NASA recently demonstrated a system called Safeguard, which disables a drone if it fails to respond to a warning and enters a designated no-fly zone. It can also impose altitude limits on drones. Mashable declared, “NASA’s drone killer does not play around,” describing how the system can enforce no-fly zones of any size or shape, forcing drones to drop from the sky if they proceed towards a no-fly zone.
Image Credit: NASA.
Safeguard uses a small piece of hardware attached to the drone, to both monitor the drone’s location and to potentially take over the drone’s controls if the drone approaches a restricted area. The system has two zones, or levels of warnings, before the drone reaches the restricted space.
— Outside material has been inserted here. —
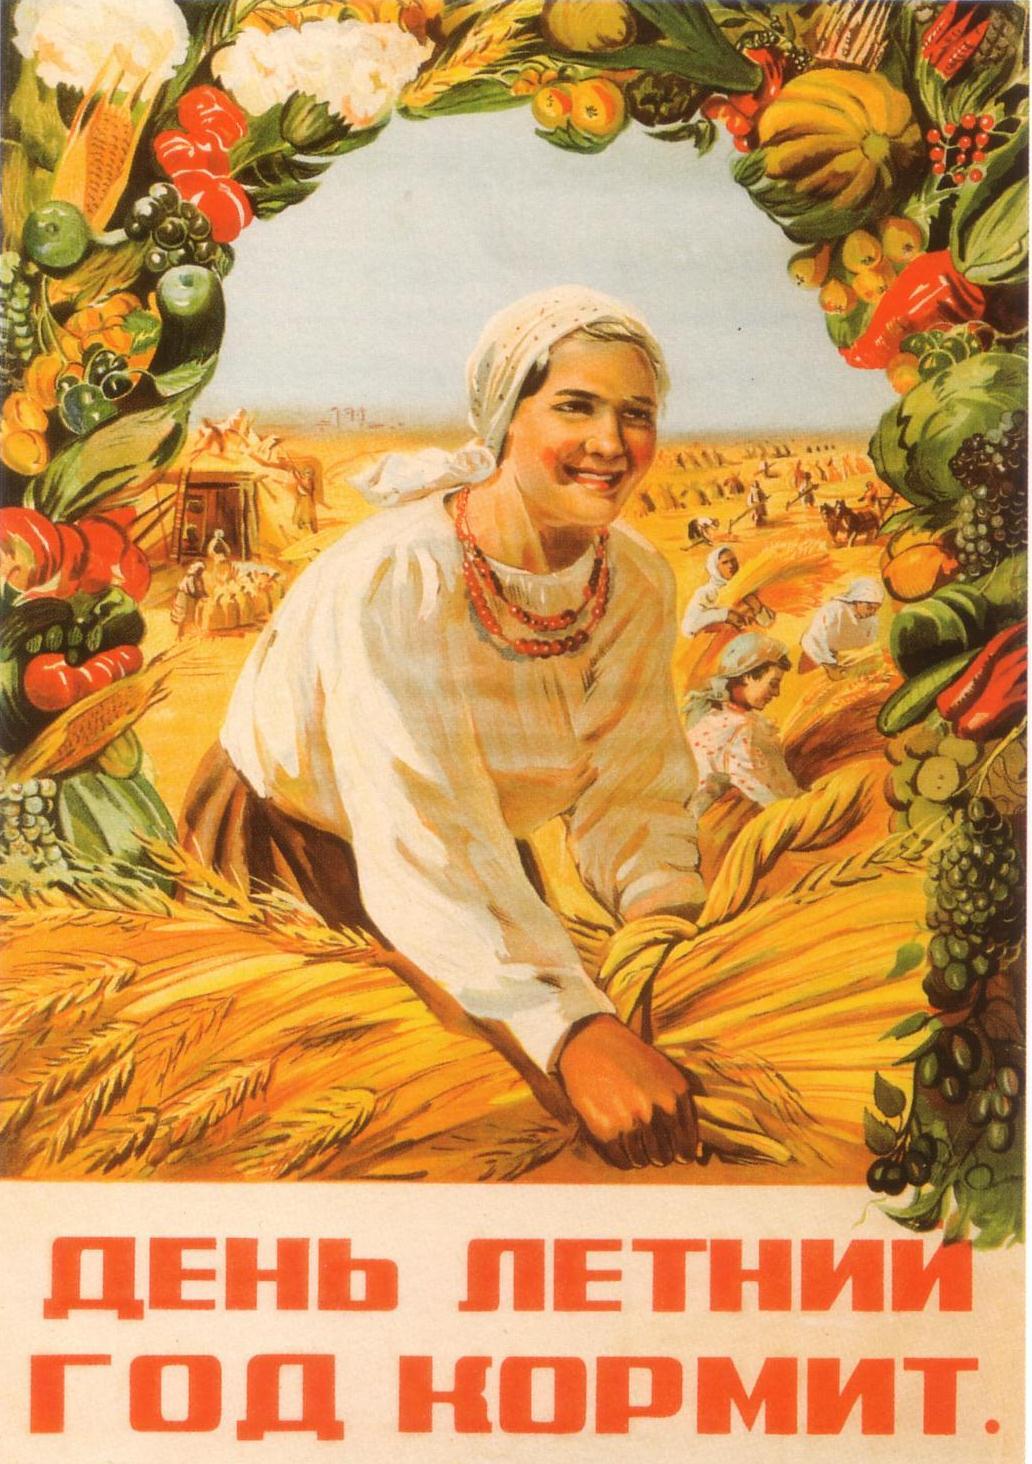 День летний год кормит Автор: А. Волков Год: 1944

The first zone is a “containment boundary”, where the drone is sent a signal instructing it to take corrective action. If the drone, or the drone’s autopilot, does not correct its course and continues into the second zone, the drone is disabled and forced to land. This is the “terminate” zone. The two zones are shown in the image below, with yellow being the containment zone, and red being the terminate zone.
Drones (and drone operators) have made the news for operating in prohibited areas. From dropping phones and drugs to prisoners to interfering with firefighting efforts. US lawmakers recently proposed mandatory geofencing to restrict airspace for drone flight, both hobbyist and commercial.
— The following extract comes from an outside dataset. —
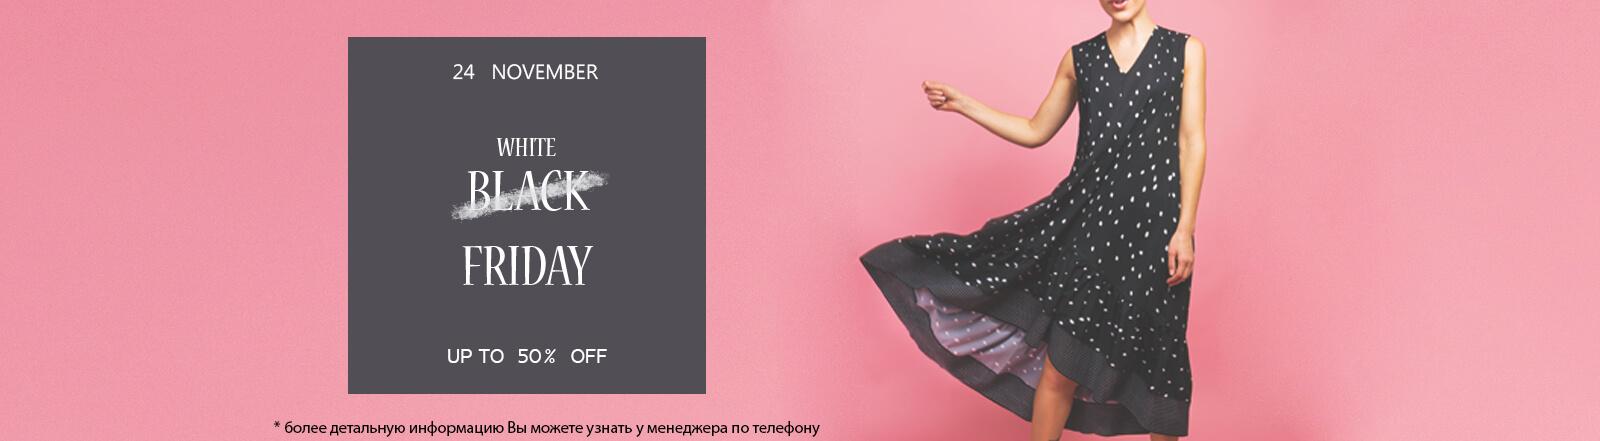 Купить женскую одежду интернет магазин украина

Commercial drone companies, such as DJI, have added GPS-based geofence systems to their drones. The no-fly zones are programmed into the drones’ geofence system, first warning operators if they approach a geofenced area, then restricting flight if the drone proceeds into a restricted zone. Geofencing helps reduce the threat of accidental dangerous drone encounters or malicious attacks. But it is highly reliant on GPS availability and uncertified autopilot technology.
Safeguard takes geofencing one step further. It can be used on both fixed-wing and multi-rotor drones. Safeguard overcomes three common technical challenges of typical geofencing:
- Strict dependence on GPS
- Reliance on non-secure communication channels
- The use of uncertified autopilot technology
According to NASA, “What makes this technology different from existing geofencing systems is that the safety net is built on rigorous mathematics and works independently from the onboard autopilot.” It also overcomes the reliance on GPS, which is prone to signal loss.
“The algorithms for establishing the validity of a boundary and for detecting proximity to all defined boundaries are based on rigorous mathematical models that have been formally verified,” stated NASA. “To support the creation of highly-assured algorithms, the boundary detection and violation recognition functions embedded within the Safeguard code have been developed and verified using formal methods… In addition, Monte Carlo evaluations were conducted in MATLAB to provide evidence of proper functionality of the boundary detection and violation algorithms.”
Image Credit: NASA.
Steer clear of no-fly zones
Safeguard lists cargo delivery, surveillance and monitoring, infrastructure inspection, and agriculture as potential applications, but most drone operators have nothing to worry about. Safeguard is only for designated no-fly zones such as airports, stadiums, military bases, and other secure locations. These areas are typically full of warning signs and no place for drones to be buzzing around in the first place.
Safeguard is small enough to be mounted on any drone. While it’s not required on drones now, it could be required for certain types of drones in the future. For drone operators that are still enraged at the thought of technology disabling their drone mid-flight, this technology is far gentler than the laser technology used to shoot down drones. Boeing’s Compact Laser Weapon System, debuted in 2015, directs a high-energy beam to the drone which causes the drone to burst into flames.